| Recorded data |
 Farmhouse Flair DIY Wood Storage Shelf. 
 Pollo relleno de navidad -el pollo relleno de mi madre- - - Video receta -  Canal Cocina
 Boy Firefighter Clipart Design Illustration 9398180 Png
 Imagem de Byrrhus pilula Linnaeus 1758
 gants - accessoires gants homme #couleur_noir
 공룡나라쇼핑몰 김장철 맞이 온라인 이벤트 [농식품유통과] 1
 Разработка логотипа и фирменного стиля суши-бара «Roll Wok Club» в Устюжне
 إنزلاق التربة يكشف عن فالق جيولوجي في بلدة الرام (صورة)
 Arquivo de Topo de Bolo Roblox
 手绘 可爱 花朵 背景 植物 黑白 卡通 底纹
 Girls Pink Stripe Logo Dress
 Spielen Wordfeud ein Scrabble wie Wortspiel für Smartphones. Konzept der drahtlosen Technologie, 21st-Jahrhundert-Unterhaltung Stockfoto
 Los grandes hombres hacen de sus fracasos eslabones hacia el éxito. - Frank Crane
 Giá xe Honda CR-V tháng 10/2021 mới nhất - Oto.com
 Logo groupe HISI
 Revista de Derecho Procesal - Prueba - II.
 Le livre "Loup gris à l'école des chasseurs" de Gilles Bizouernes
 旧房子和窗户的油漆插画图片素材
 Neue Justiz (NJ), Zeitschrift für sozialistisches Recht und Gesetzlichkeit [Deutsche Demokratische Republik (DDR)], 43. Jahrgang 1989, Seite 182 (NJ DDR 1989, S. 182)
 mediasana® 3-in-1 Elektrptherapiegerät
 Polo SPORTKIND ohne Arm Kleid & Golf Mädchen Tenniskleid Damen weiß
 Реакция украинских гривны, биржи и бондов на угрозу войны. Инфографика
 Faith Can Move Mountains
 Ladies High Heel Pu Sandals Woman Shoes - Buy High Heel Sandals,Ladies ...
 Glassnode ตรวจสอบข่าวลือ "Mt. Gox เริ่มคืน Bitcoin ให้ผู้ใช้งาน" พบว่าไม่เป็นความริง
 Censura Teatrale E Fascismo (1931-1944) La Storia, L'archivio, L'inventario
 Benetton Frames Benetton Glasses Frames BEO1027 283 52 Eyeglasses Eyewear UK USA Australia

| TASK STATEMENT |
Only lines that contain the string "Logo" count; pick each one out of the records and copy it.

| FINISHED TASK |
 Girls Pink Stripe Logo Dress
 Logo groupe HISI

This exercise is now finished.